За последние годы, говорил Ранг, он сильно сдал, и, действительно, они застали его в постели: Митрофан Иванович был бледен и очень худ; щеки его были покрыты седой, неряшливой щетиной, но впавшие глаза смотрели по-прежнему молодо и пытливо.

Николая Григорьевича, конечно же, он не узнал; появление в его комнате генерала вызвало на его лице минутное смятение, но скоро все выяснилось, и старик растроганно прослезился. Как совершенно естественно было ожидать, он жил в основном своим прошлым, но и здесь частенько сбивался, путал имена и годы. Михаил Михайлович иногда поправлял его, а иногда и сам не мог уже вспомнить какого-нибудь примечательного события — тогда они оба вздыхали и виновато улыбались.

Прислуживавшая Митрофану Ивановичу бойкая старушка (одна из сирот, которую он в свое время вылечил от тифа и поставил на ноги, после чего она так и осталась в доме, а теперь была для него человеком незаменимым) поставила самовар и подала к чаю варенья и бубликов.

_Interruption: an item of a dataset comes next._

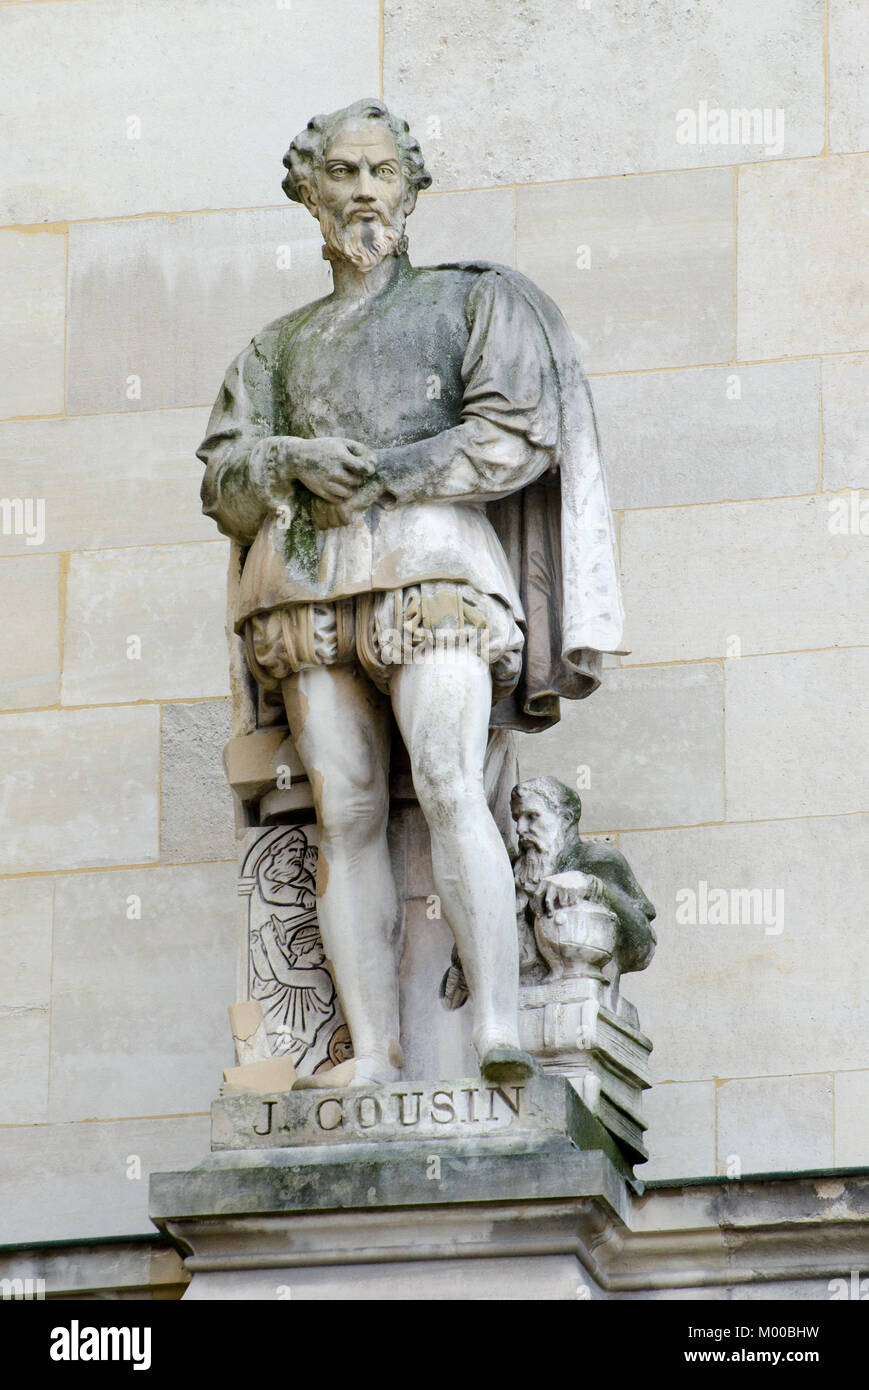 París, Francia. Palais du Louvre. Estatua en el Cour Napoleon: Jean Cousin el viejo (C1500-1560) Francés pintor, escultor, grabador, grabador y geome Foto de stock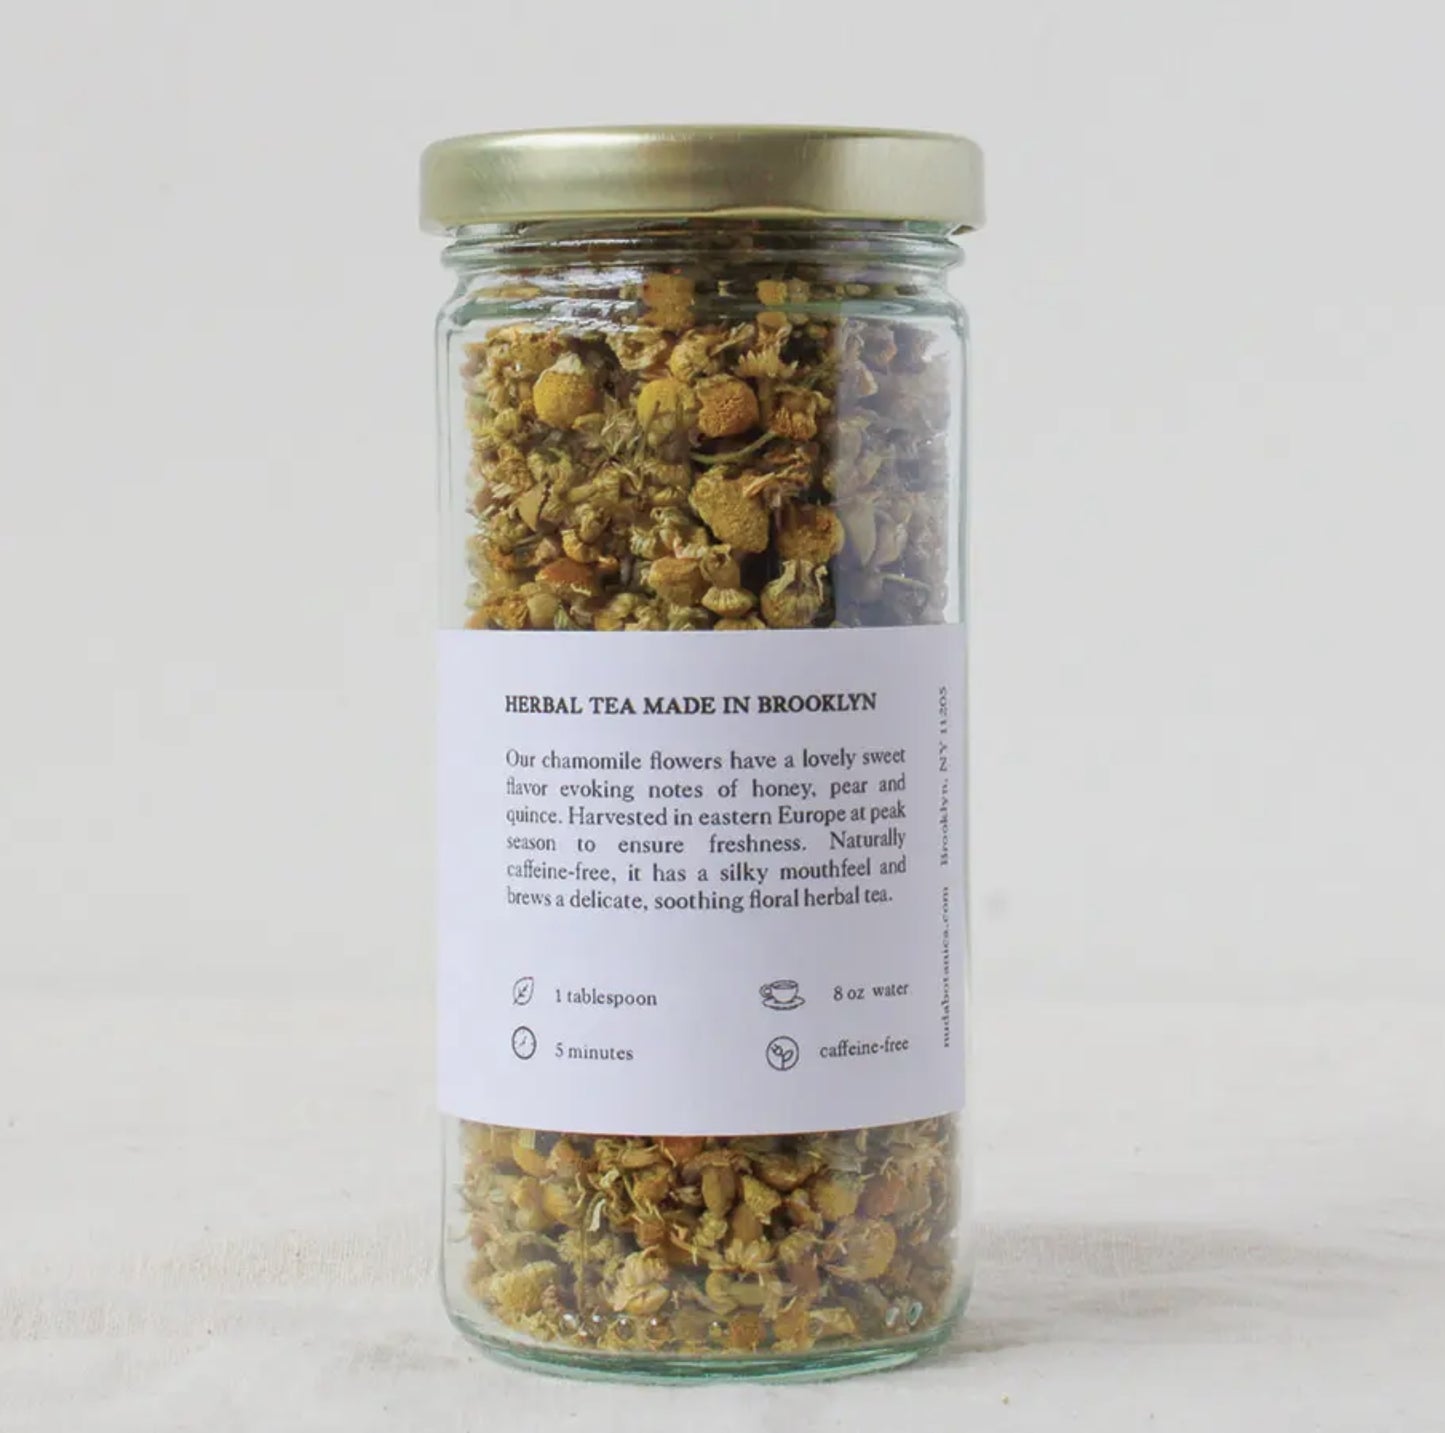 Chamomile - Organic Herbal Tea - Loose Leaf

Сам Алякринский встать не мог и пил чай лежа; его поила из ложечки все та же старушка и делала это не только умело и заботливо, но даже с любовью.

Было у Столетова и еще два визита, которые, пожалуй, больше напоминали не встречу, а прощание, — в семью бывшего директора гимназии Николая Ивановича Соханского и в дом учителя истории Алексея Николаевича Шемякина.

Ни того, ни другого уже не было в живых.

Пора было подумывать и об отъезде.


Наконец-то Николай Григорьевич получил предписание прервать свой отпуск и срочно возвращаться в Петербург. Через день он уже был в военном министерстве, где вышколенный и франтоватый офицер для особых поручений вручил ему письмо Милютина.

"В числе предположенных мер для облегчения движения наших войск на Дунай, — писал Дмитрий Алексеевич своим убористым почерком, — имеется в виду организовать несколько болгарских дружин, которые послужили бы ядром дальнейшего развития болгарского ополчения.

Для общих распоряжений по формированию этих дружин полагалось бы дело это поручить ген.-м. Столетову.

В помощь ему будут назначены несколько штаб-офицеров и в том числе бывший полк. Кишельский, который отправился уже в Бухарест.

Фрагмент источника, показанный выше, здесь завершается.